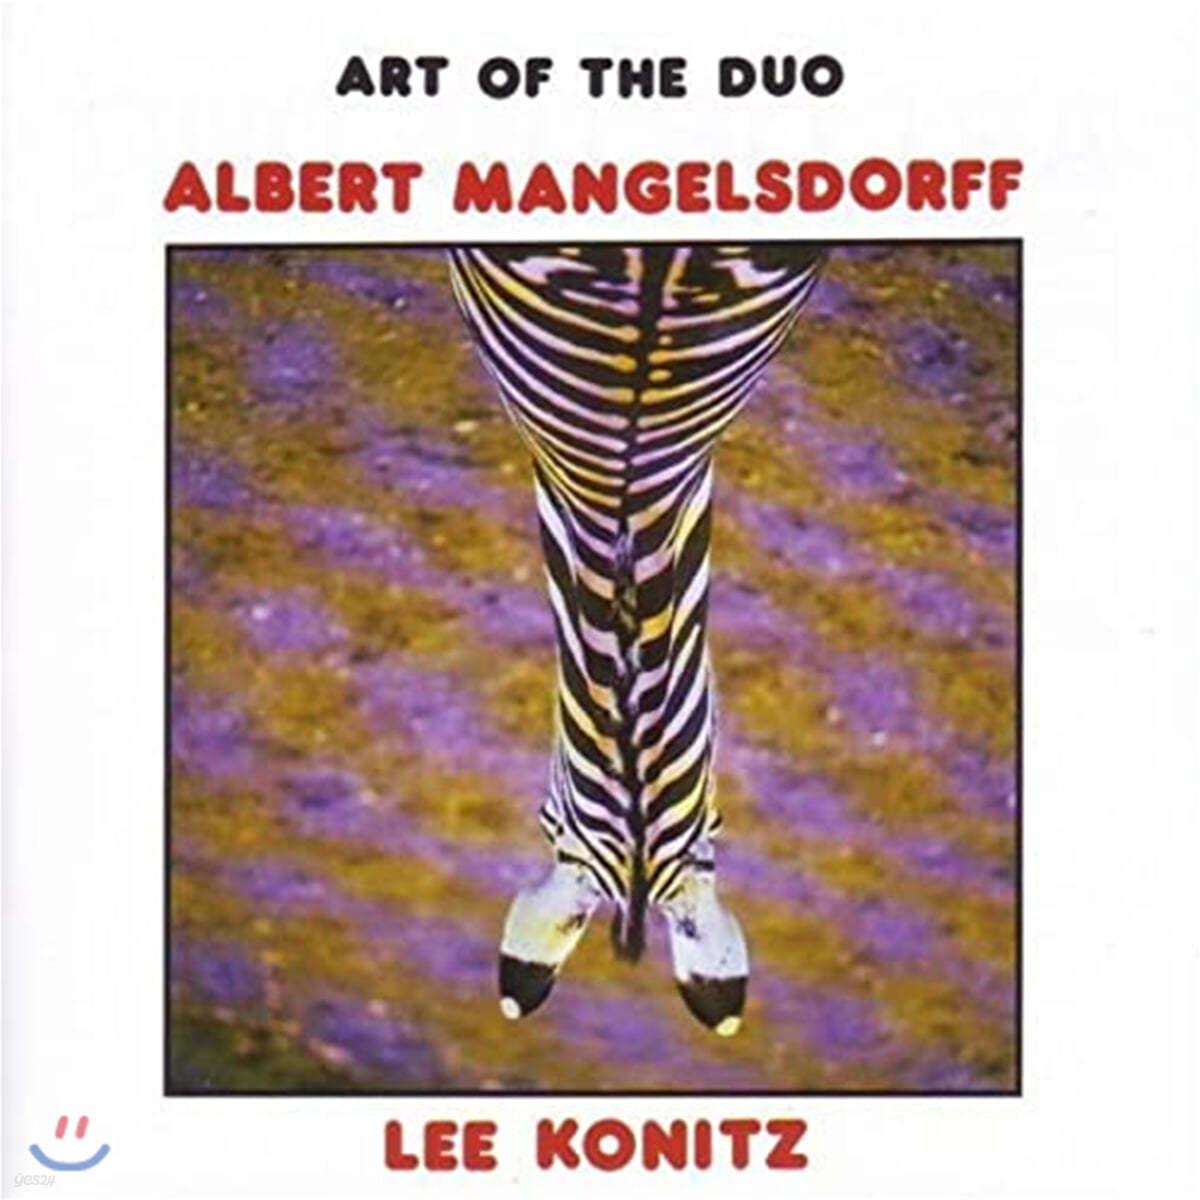 Albert Mangelsdorff / Lee Konitz (알버트 만겔스도르프 / 리 코닛츠) - Art Of The Duo
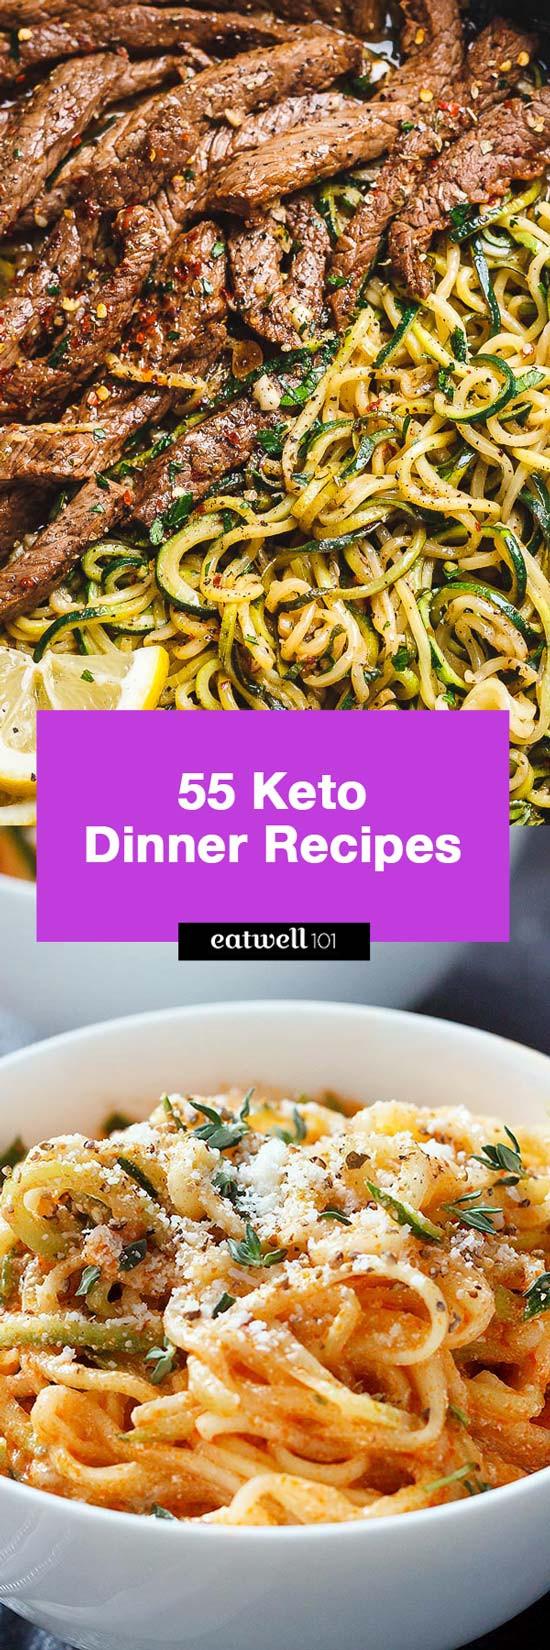 Keto Dinner Recipe  Easy Keto Dinner Recipes – 65 Quick Recipe ideas for Keto
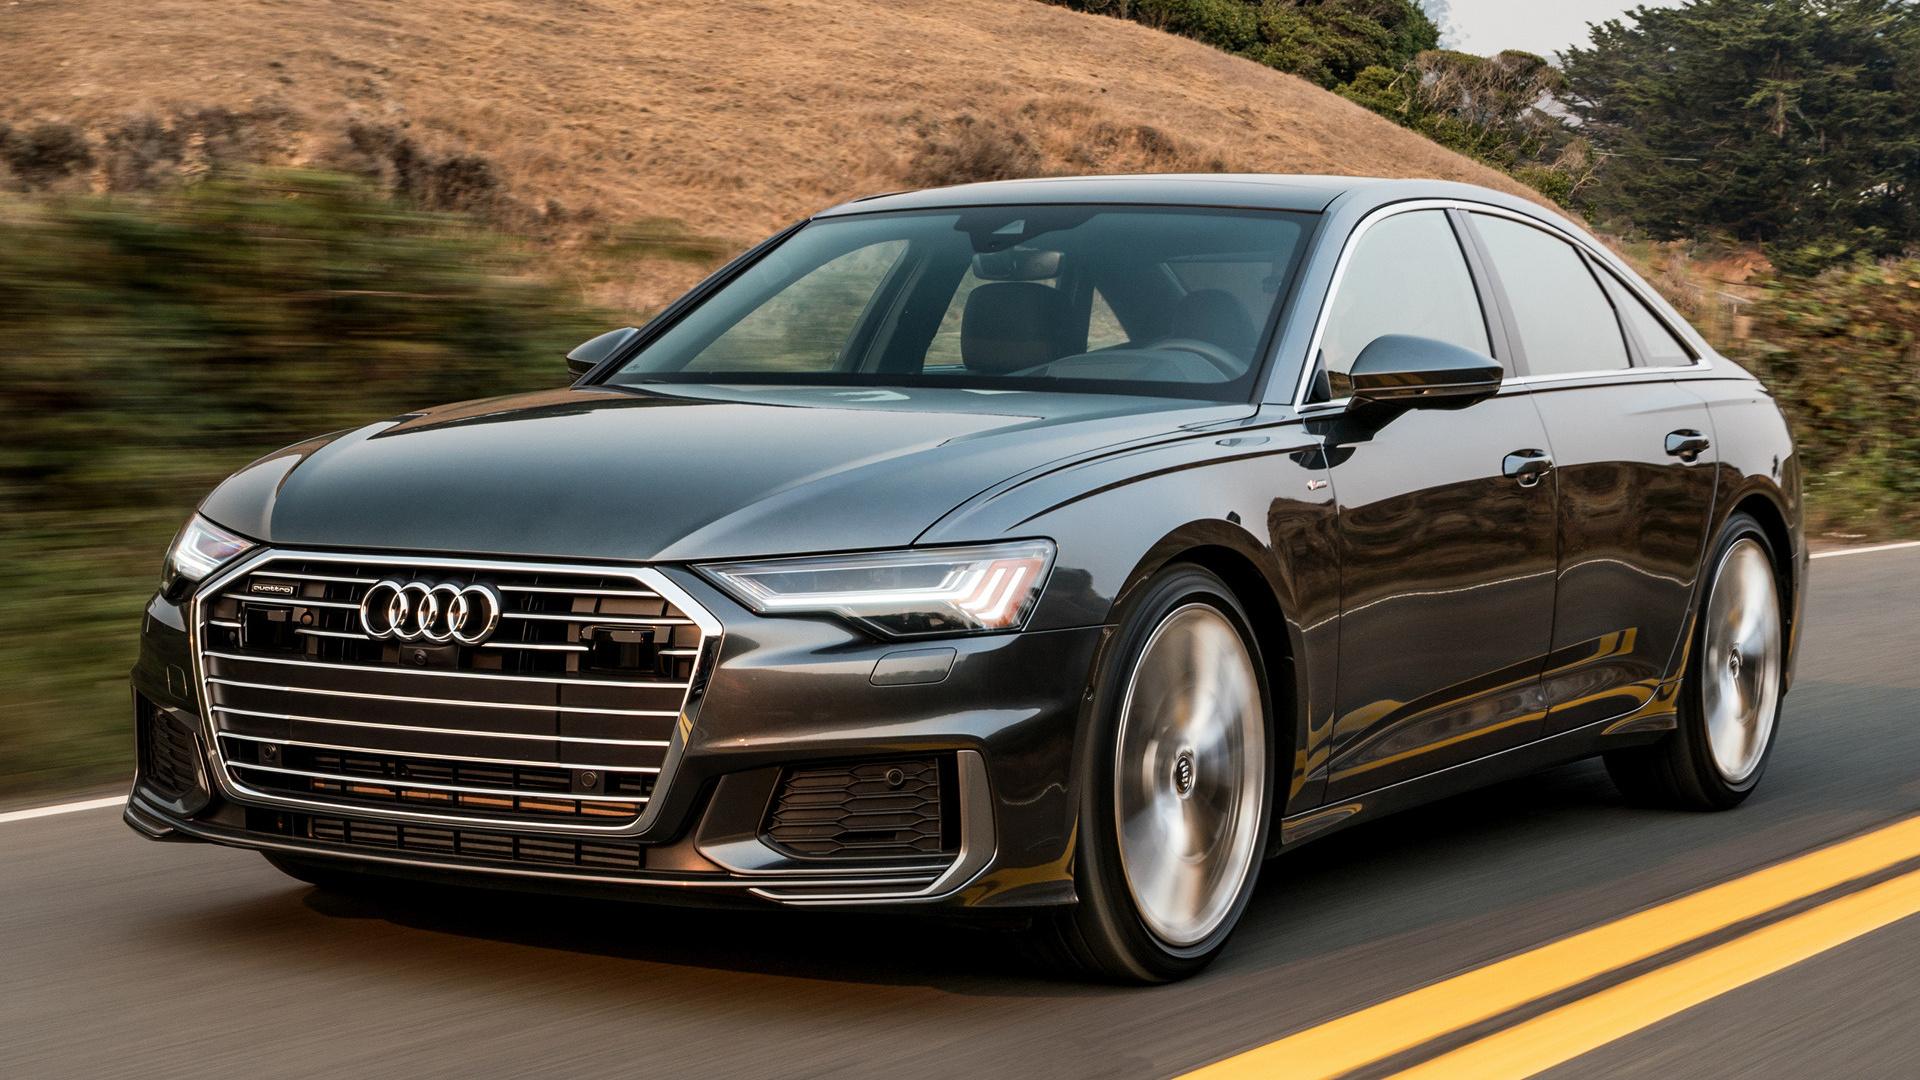 2019 Audi A6 Sedan S line (US) - Hintergrundbilder und ...

REQUIREMENT: Return all the lines above exactly; none of the pictures should appear.

RESULT:
 Albert Mangelsdorff / Lee Konitz (알버트 만겔스도르프 / 리 코닛츠) - Art Of The Duo
 Keto Dinner Recipe  Easy Keto Dinner Recipes – 65 Quick Recipe ideas for Keto
 2019 Audi A6 Sedan S line (US) - Hintergrundbilder und ...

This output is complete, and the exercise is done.